I have a toaster oven in the shop, (got kicked out of the kitchen by the air fryer) waiting for just such a repurpose.
If I can control the temp well enough it will be used as a rod oven and a filament dryer too.
Care to share the details?


----------



## DPittman (Feb 17, 2022)

Looks interesting. Should be good.

 I think that sort of stuff is what I'd need to add further heat and control to my electric smoker...I need to research if that would be within my limited electrical skills and knowledge.


----------



## YYCHM (Feb 17, 2022)

DPittman said:


> Looks interesting.

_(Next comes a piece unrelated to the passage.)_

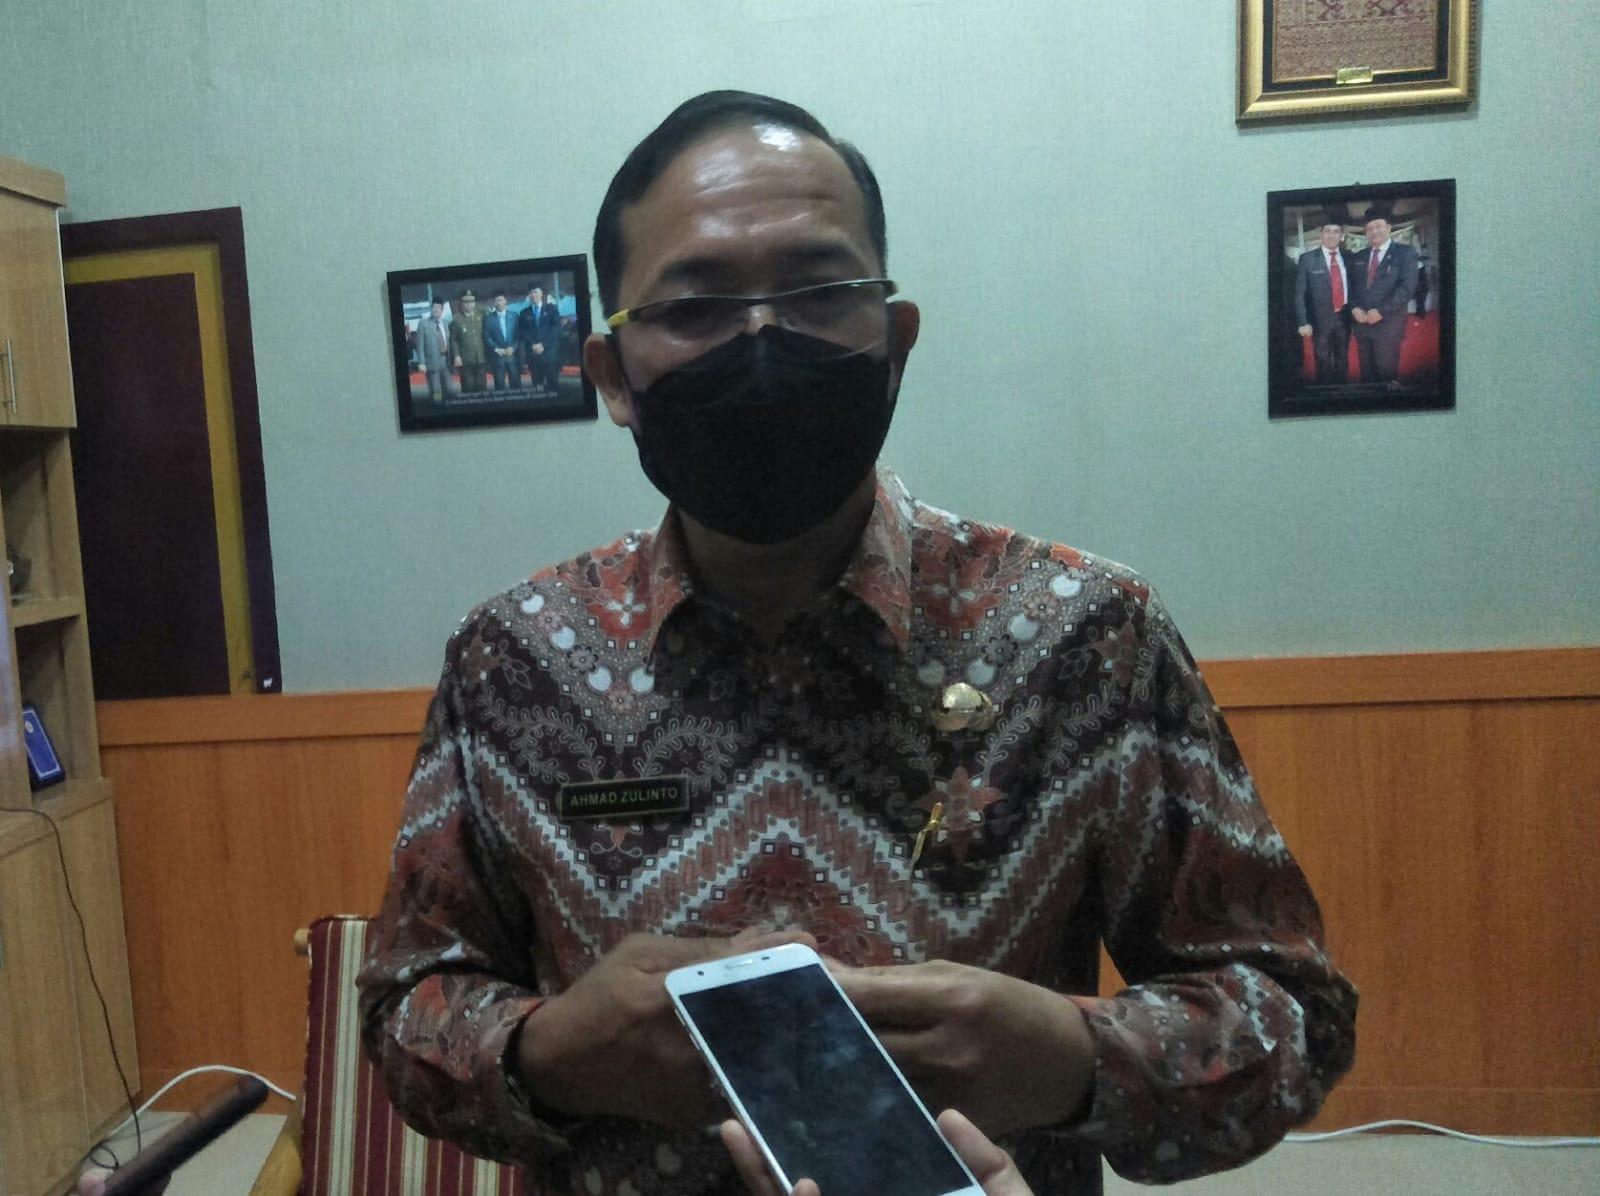 Ketua PGRI Sumsel Ahmad Zulinto

Should be good.
> 
> I think that sort of stuff is what I'd need to add further heat and control to my electric smoker...I need to research if that would be within my limited electrical skills and knowledge.

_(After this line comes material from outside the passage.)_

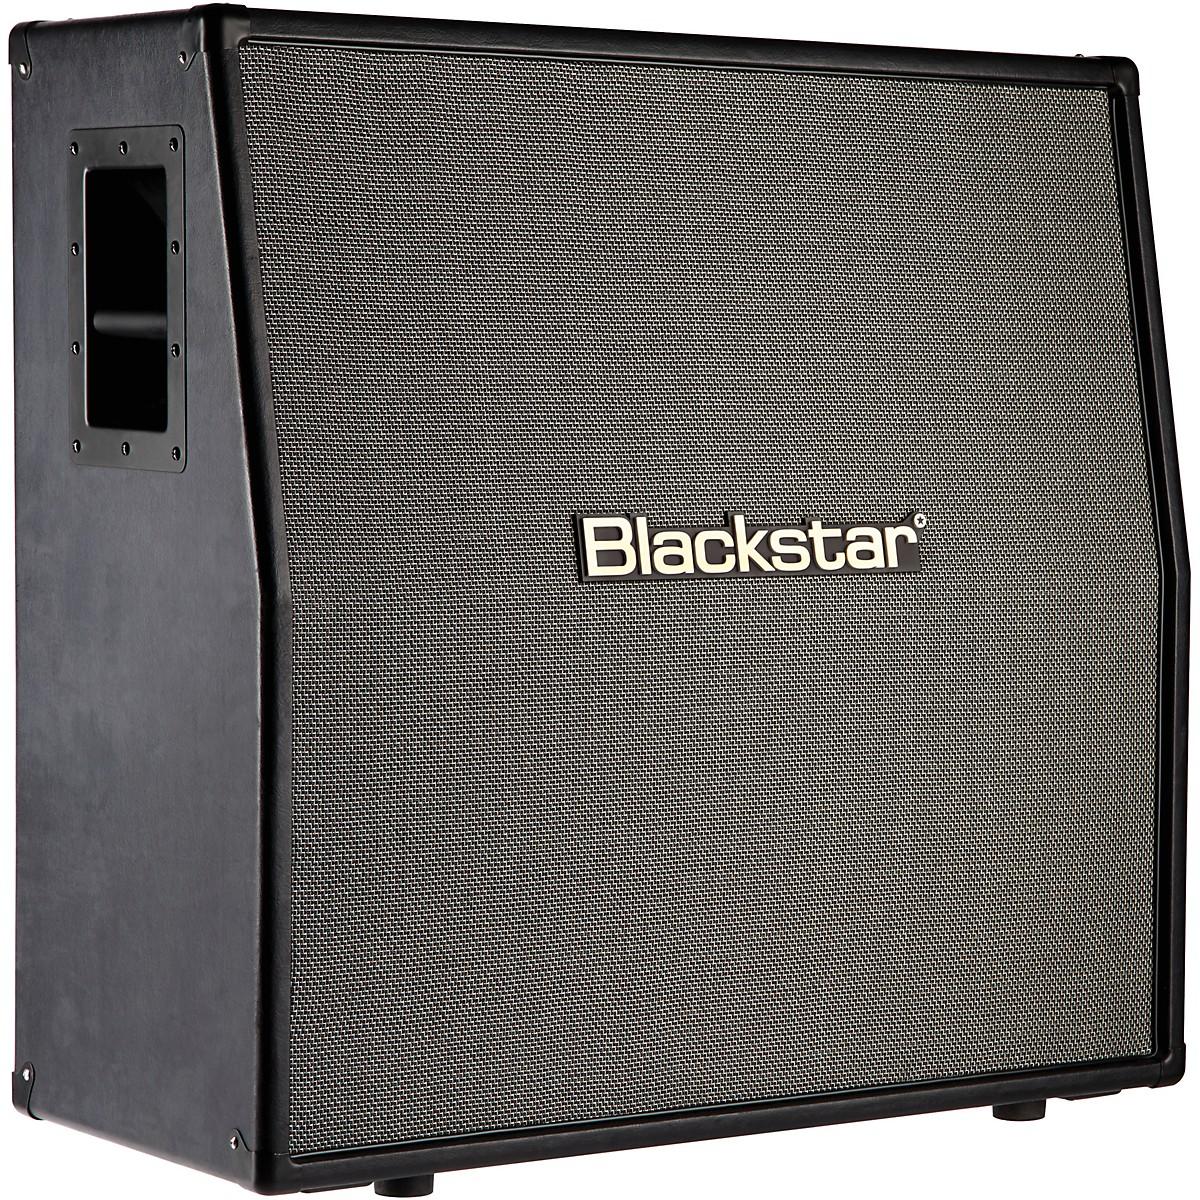 Blackstar HTV412B MKII HT Venue Series 320W 4x12 Straight Guitar Speaker Cabinet

Dead simple once you figure out what the SSR is for.


----------



## DPittman (Feb 17, 2022)

YYCHM said:


> Dead simple once you figure out what the SSR is for.


Ya but so am I.


----------



## GlenG (Feb 17, 2022)

Not too much to add in terms of details, almost everything was from Amazon or Wish.  There are any number of PID kits that include the PID controller, SSR, thermocouple and the heat sink (make sure you get a heat sink in the kit, I made a mistake and had to but one separately).  I picked a PID with a 1300 Degree Range ( a REX-C100), it came with a K Type Probe Sensor and an 40A SSR.  I used a combination toggle switch / outlet from Home Depot as my power switch and PID controlled outlet.  You see that I used two boxes, but not by choice.  I bought one and it as too small, so I bought another it was too small as well (doh).  My advice get bigger than you think and then a bit larger again LOL.  Wiring is pretty straight forward, run 110v through the toggle, split it to power the PID and the through the SSR to the outlet.  Thermocouple to the PID and the low voltage side of the PID to the low voltage side of the SSR.  On the oven side, I just took out all the controls and direct wired the elements to the cord.  I also installed the thermocouple on the side (you can see it on the right side of the inside of the oven).  The insulation was laid in between the oven box and the outer case.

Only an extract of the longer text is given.